Hydroxychloroquine in Cystic Fibrosis

The safety and scientific validity of this study is the responsibility of the study sponsor and investigators. Listing a study does not mean it has been evaluated by the U.S. Federal Government. Read our disclaimer for details. Identifier: NCT00311883
Recruitment Status : Completed
First Posted : April 6, 2006
Last Update Posted : January 30, 2008
Information provided by:
Vanderbilt University

Brief Summary:
Study levels of inflammatory mediators in induced sputum of patients with cystic fibrosis before and after a 4 week course of oral hydroxychloroquine.
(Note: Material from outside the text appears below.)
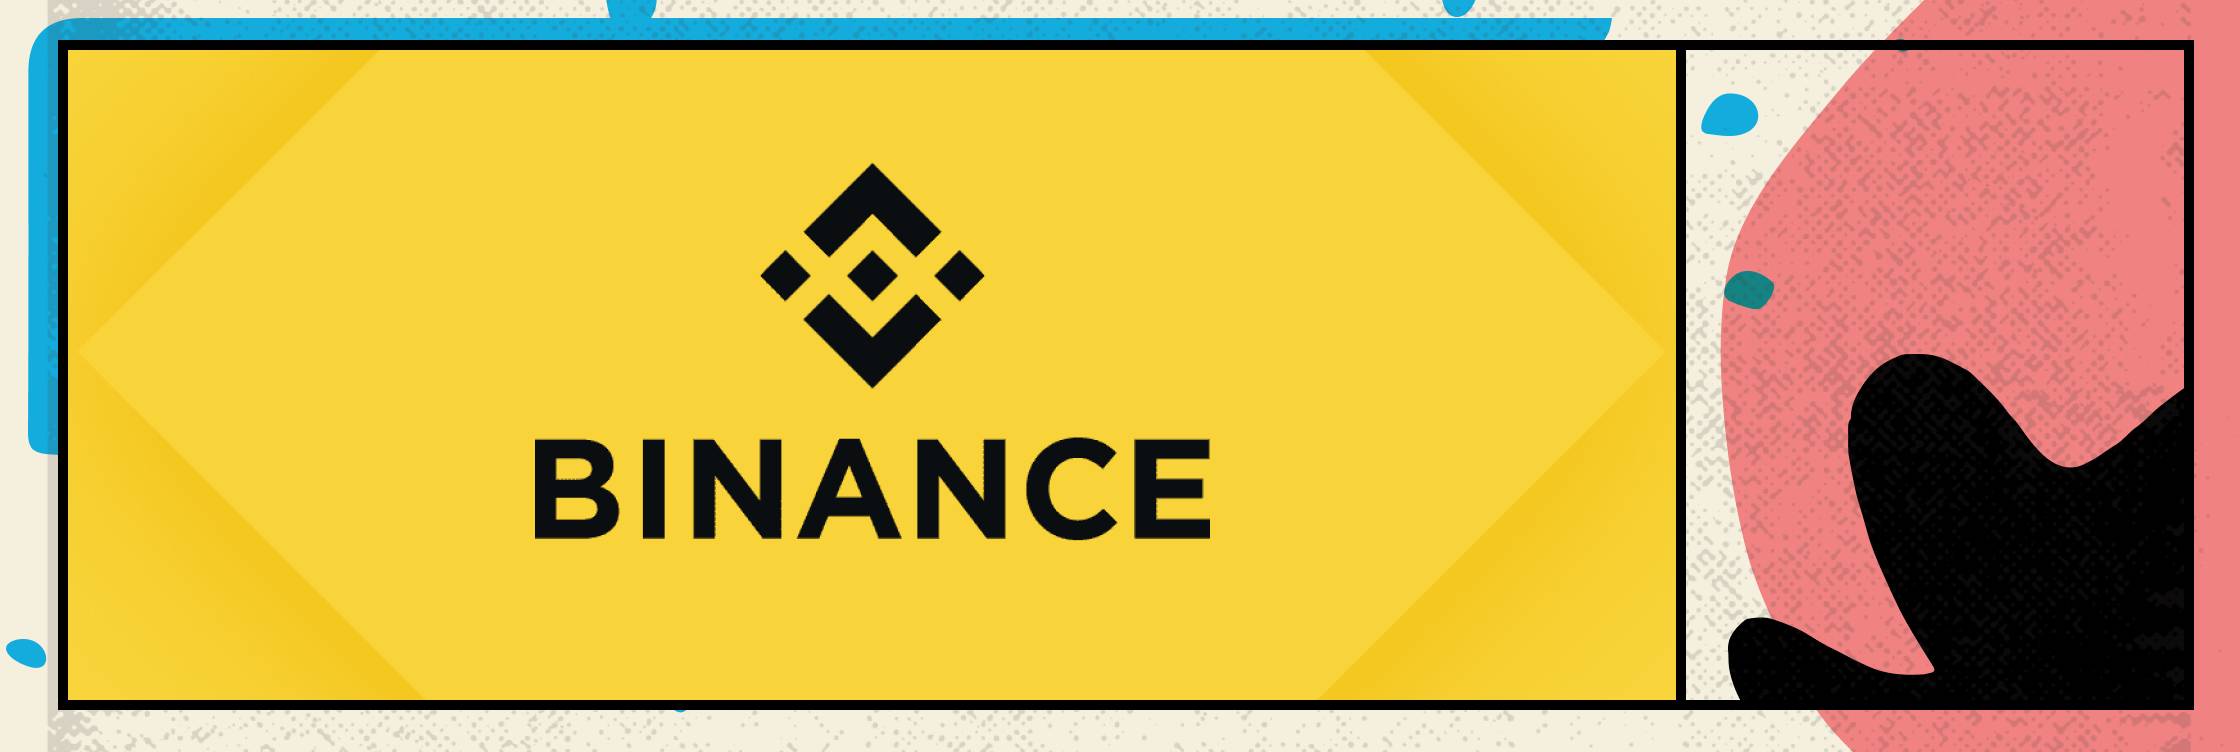 Over 50 Scam Projects Revealed on Binance

Condition or disease Intervention/treatment Phase
Cystic Fibrosis Drug: hydroxychloroquine Phase 1

Detailed Description:
Open label study of effect of hydroxychloroquine on inflammation, bacterial burden and exhaled breath condensate pH in patients with cystic fibrosis. Patients with cystic fibrosis, 16 years or older and with pulmonary function tests with an FEV1 greater than 40% predicted will be eligible for enrollment. Enrolled subjects will undergo collection of exhaled breath condensate and sputum induction and collection following nebulized hypertonic saline, before and following a 4 week course of oral hydroxychloroquine at 200 mg a day. Inflammatory mediators, neutrophil counts, and bacterial density in sputum and exhaled breath condensate pH will be measure at entry and at the end of 4 weeks of oral drug. There will be no placebo group.

Study Type : Interventional  (Clinical Trial)
Actual Enrollment : 20 participants
Allocation: Non-Randomized
Intervention Model: Single Group Assignment
Masking: None (Open Label)
Primary Purpose: Treatment
Official Title: Phase 1 Study of Hydroxychloroquine in Cystic Fibrosis
Study Start Date : March 2006
Actual Primary Completion Date : December 2007
Actual Study Completion Date : December 2007

Primary Outcome Measures :
  1. Change in inflammatory mediators and exhaled breath condensate pH following 4 week administration of drug. [ Time Frame: 28 days ]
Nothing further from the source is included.